1872. Begins attendance at Putnam Female Seminary, living with her grandmother at her home, the Stone Academy, in Zanesville, Ohio.

1880, summer: travels with father to visit mining camps near Summit, Colorado; fall and winter: in the company of her father visits theater in New York and Washington.

1881-2. Relocates to Staten Island and New York City, staying with family friends while she looks for stage work. Accepts position with James O'Neill's touring company.

1883-5. Actress for Boston Museum Theatre.

1885, January 12. Marries fellow actor George Richmond Parks in private ceremony in Salem, Massachusetts. When her manager finds out about their marriage, Robins's contract is not renewed.

1885, October. Death of ER's grandmother, Jane Hussey Robins, in Zanesville, Ohio.

1885, December. Triumphal appearance of ER in the Zanesville Opera House, playing Mercedes in James O'Neill's Count of Monte Cristo. She hears later that night of her father's journey to deliver her mother to a mental asylum.

1886, fall. Resigns from O'Neill's Monte Cristo tour when her sister, Una (Eunice) dies in Florida.

1887, May 31. George Parks drowns himself in the Charles River, Boston. His body is discovered two weeks later.

1887-8. On tour across America with the Edwin Booth and Lawrence Barrett company.

1888. Released from her acting contract in San Francisco, returns to the East Coast by way of Central America. Travels with Sarah Bull to London and Norway. With encouragement from actor-manager Herbert Beerbohm Tree, decides to stay in London.

1890. First Publication: "Across America with 'Junius Brutus Booth'," published in the July issue of The Universal Review Vol. VII, No. 27 (July 1890), 375-392.

1890. Visits Passion Play in Oberammergau, secures part in The Sixth Commandment, arranges for her brother Vernon to study medicine in London.

1891, January. Plays Mrs. Linde in matinée production of A Doll's House. Meets Henry James.

1891, April. Ibsen's Hedda Gabler co-produced with fellow American actress, Marion Lea, Robins playing Hedda.

1892, fall. Begins first full-length fiction, The Coming Woman," unfinished.

1893. Alan's Wife (with Florence Bell). London: Heinemann. Robins plays the title role in the Independent Theatre's production. Several editions exist online.

1893, April. Charles E. Robins dies. ER organizes the Ibsen Repertory Series, for which she plays the parts of Hedda Gabler, Hilda Wangel, Rebecca West, Agnes Brand.

1894, January. Anonymous publication of first short story, "A Lucky Sixpence," New Review, 10, no. 56 (January, 1894), 105-126.

1894, June. Anonymous publication of short story, "Dedicated to John Huntley," New Review, 10, no. 61 (June, 1894), 746-758.

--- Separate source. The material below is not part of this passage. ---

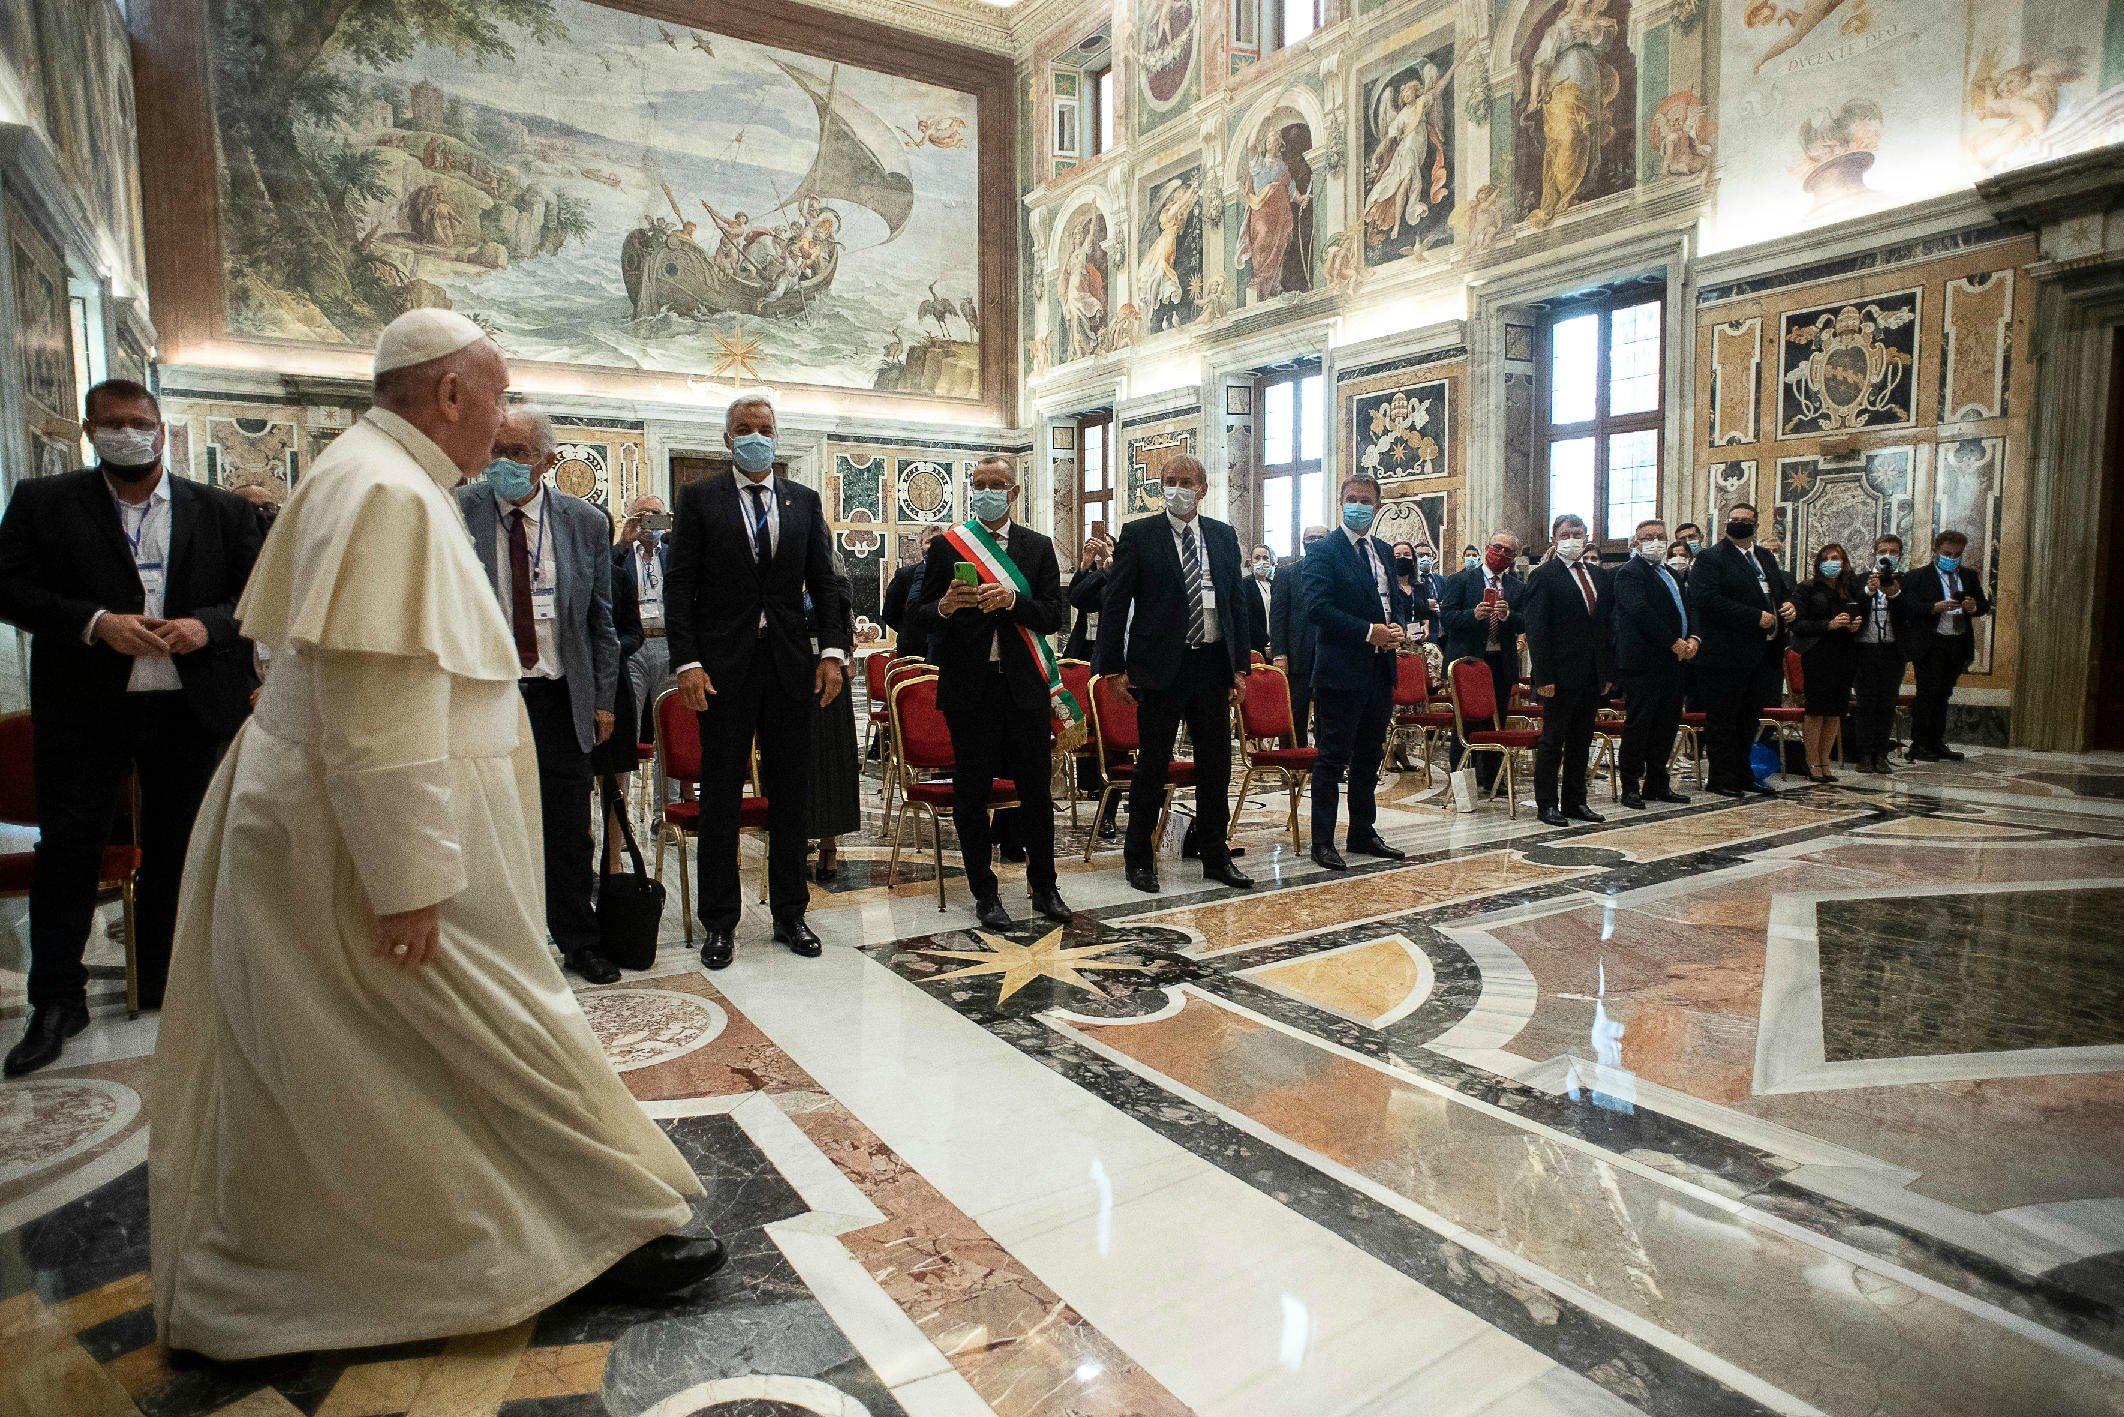 Papež Frančišek v svojih javnih nastopih poziva k strpnosti in razumevanju do migrantov in beguncev.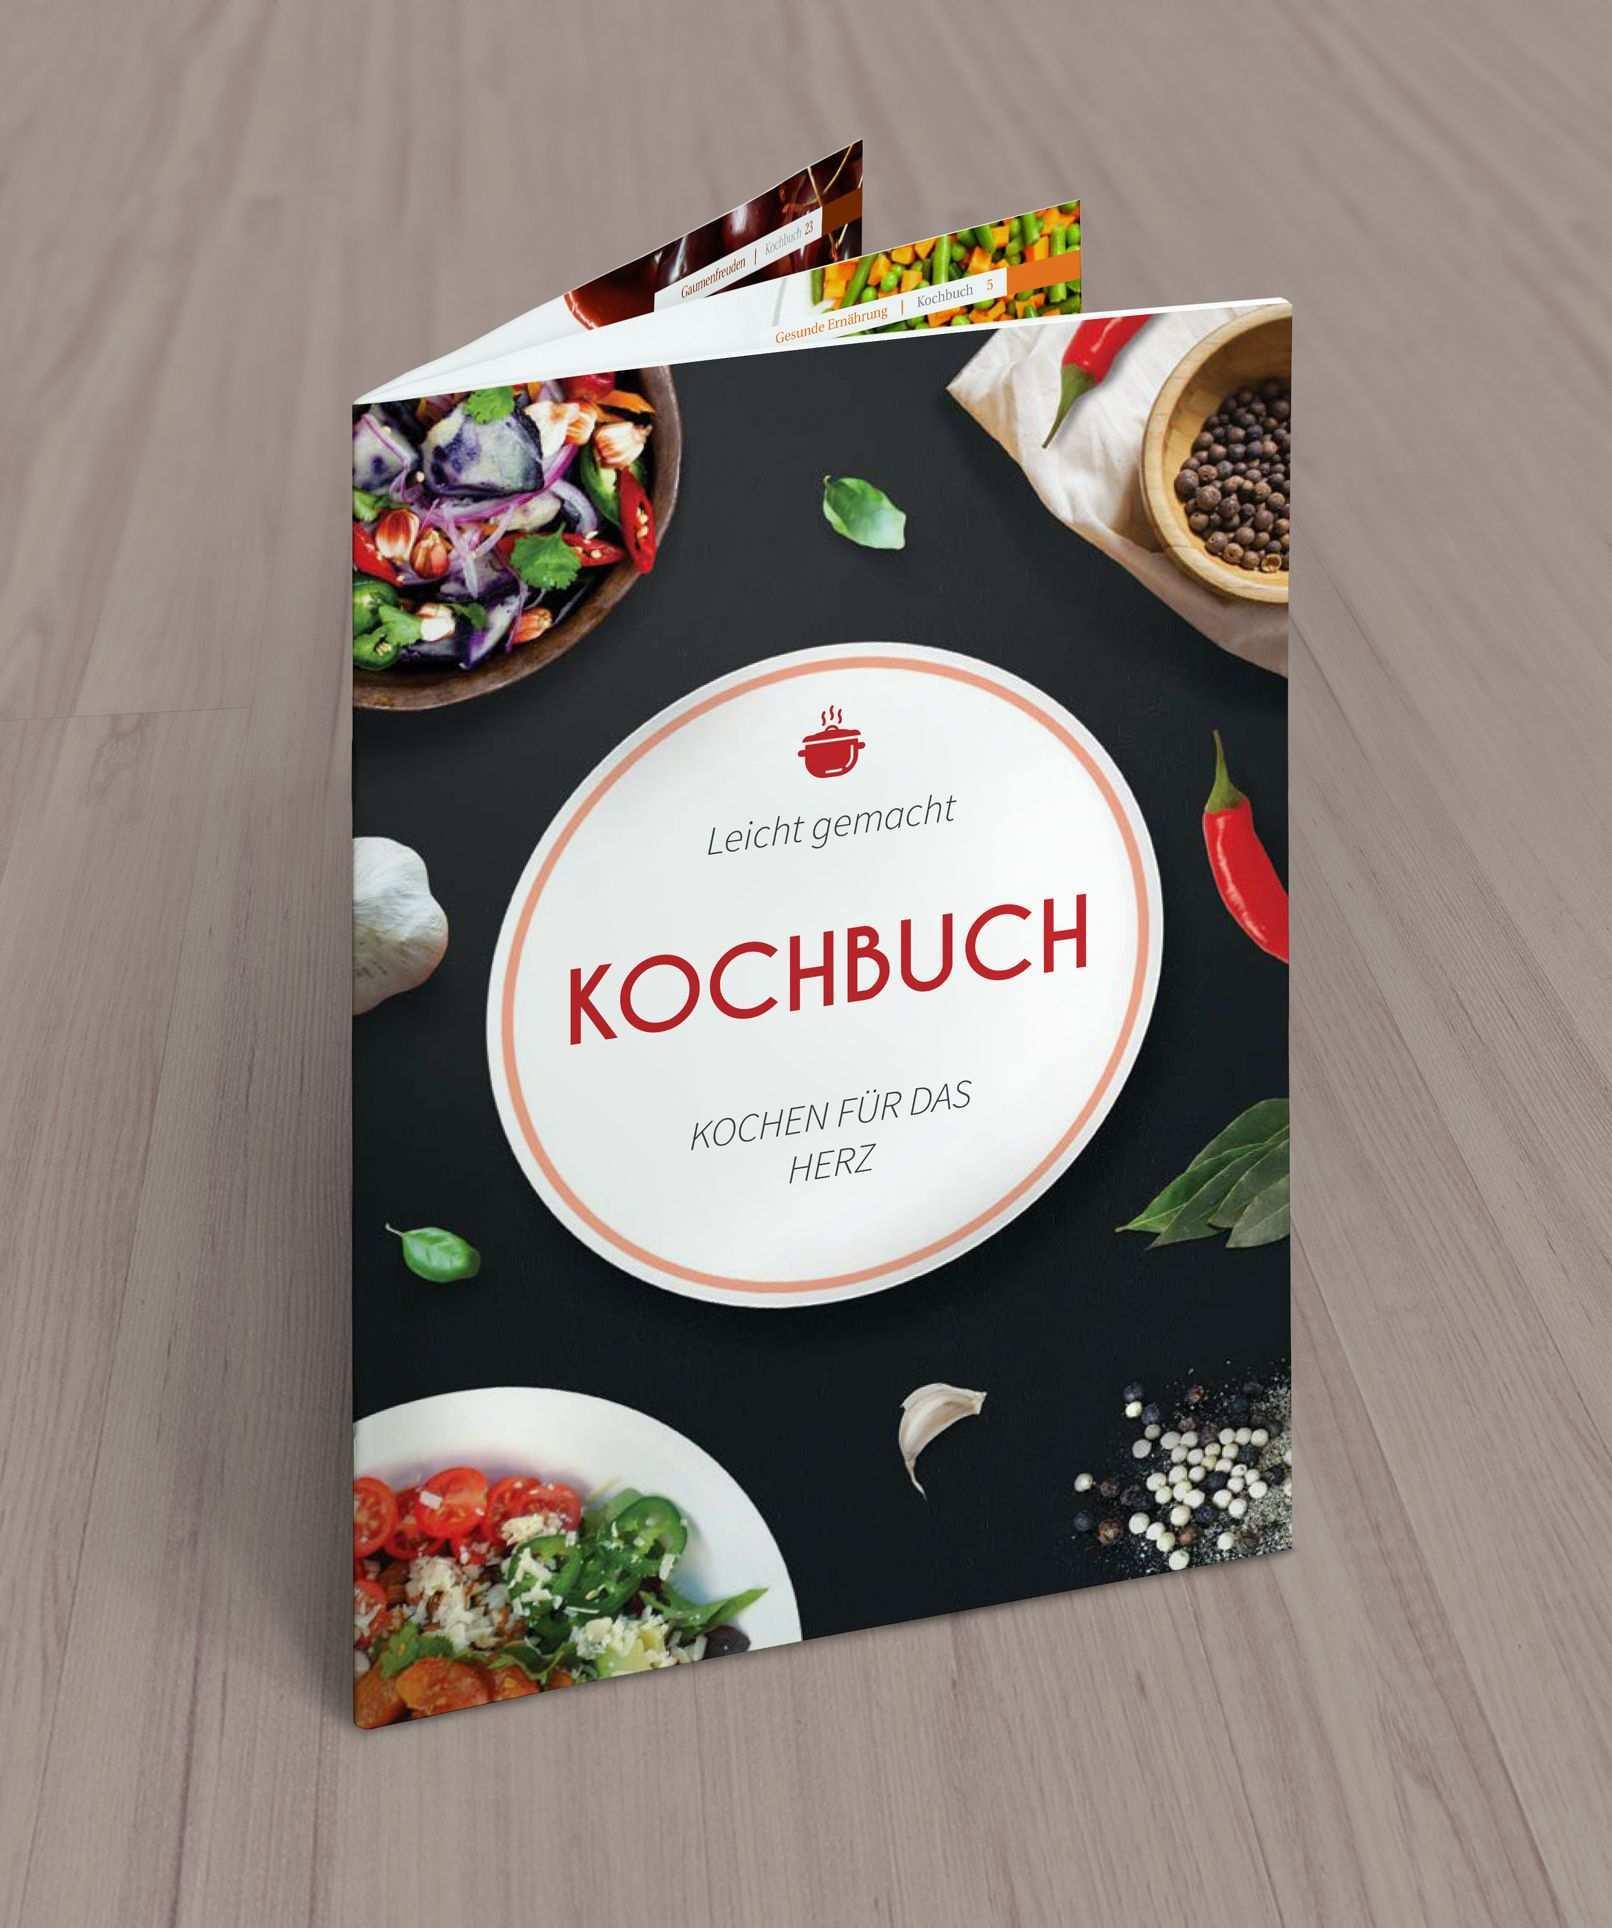 Kochbuch Und Rezeptbuch Vorlage Designs Layouts Fur Indesign Kochbuch Selbst Gestalten Kochbuch Kochbuch Selbst Gestalten Vorlage

1894. George Mandeville's Husband. London: Heinemann. Published under the pseudonym C. E. Raimond. Hathi Trust makes this title available, George Mandeville's Husband.

1895. The New Moon. London: Heinemann. New York: D. Appleton and Company. Published under the pseudonym C. E. Raimond. Hathi Trust makes this title available, The New Moon.

1895 August. Chapman's Magazine publishes the C. E. Raimond story, "Confessions of a Cruel Mistress." (volume 1, No. 4, 361-79)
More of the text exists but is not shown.